It’s also a moment amid the Cold War, it’s initially seen as this great act of international cooperation. You have the Soviets and the Americans helping with the airlift to get troops to Congo. But there’s a major sticking point, which is that secessionist province of Katanga. The U.N. troops do not enter into that, and Lumumba wants them to help him bring that secessionist province back into the nationalist fold. Dag Hammarskjöld decides that that is not a possibility, and that he doesn’t want the U.N. troops to have to fight their way in and be involved in a secessionist war, which he sees as an internal manner.

And so, Lumumba and the U.N. really clash over what to do about Katanga.

RG: And so, the Katanga separatist situation feels extremely familiar around the world. Because you have these separatist movements that are organized around genuine feelings of kind of local pride among the people who live there. Some of it xenophobic and tribal, some of it just pride in the place where they’ve lived for hundreds or maybe thousands of years. That’s all real.

But then you get the outside actors who see this as useful for their own ends. And so, it didn’t seem surprising to me that the Katangan elite there were the ones that were the tightest with the Belgians. And, as they are kind of these champions of the most radical independence — you know, every region of Congo ought to be independent — they’re also the ones allying with the Belgians, because the Belgian interest is in maintaining access to the this resource-rich area of Congo, and undermining the rest of the project.

So, Belgium takes this L at the U.N., but it’s still able to fend him off from coming in there. So, what options do you think the U.N. genuinely had there?

SR: It’s a fair point. And Lumumba was unrealistic to assume that the U.N. troops would do his bidding; they answered to the security council, not him, even though he invited them in.

Basically, in August, 1960 — so independence in June 30th, mutinies in early July — in August of 1960, Ralph Bunche, the American who was a high-ranking diplomat at the United Nations, he leads this mission to try and introduce U.N. troops into Katanga to negotiate with the secessionist leader there.
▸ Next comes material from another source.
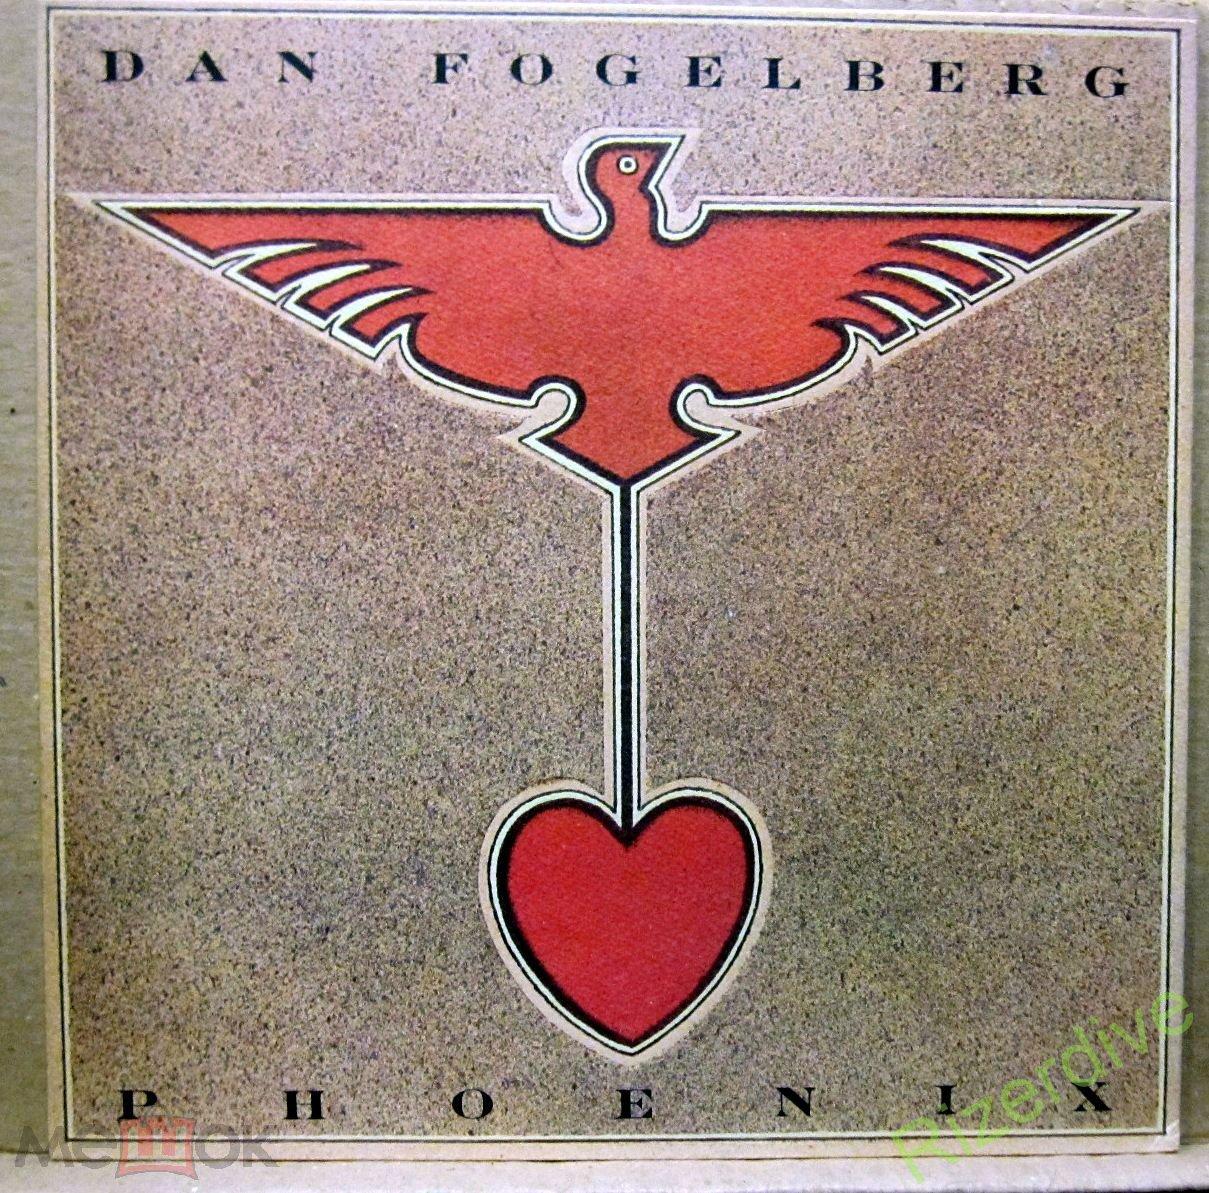 Fogelberg, Dan Phoenix 1979  Japan

And he’s scared out of doing so, basically. The secessionists tell him, if you send a single U.N. troop here, there will be a massive war.

He bought into that argument. He had doubts about it, but didn’t want to take a risk. In retrospect, that would have been the time to send in the U.N.. The Katangan secessionist forces were very weak, everything was still up in the air. There’s a good argument to be made that, had the U.N. in early August, 1960, just decisively acted and sent in a bunch of U.N. troops — who, again were fellow Black Africans, would not be seen as so much of an invading force — that this could have stabilized the situation quickly.

Bunche decides, no way. And so, then it takes until much later for the U.N. to enter Katanga. But, even then, it wasn’t until 1963 that the Katanga secession finally ended and it joined the rest of Congo. So, this was sort of always going to be a problem, but I think the U.N. acted late and was overly skittish. And then it allowed the secession to really consolidate, and became more of a fact on the ground that couldn’t be changed.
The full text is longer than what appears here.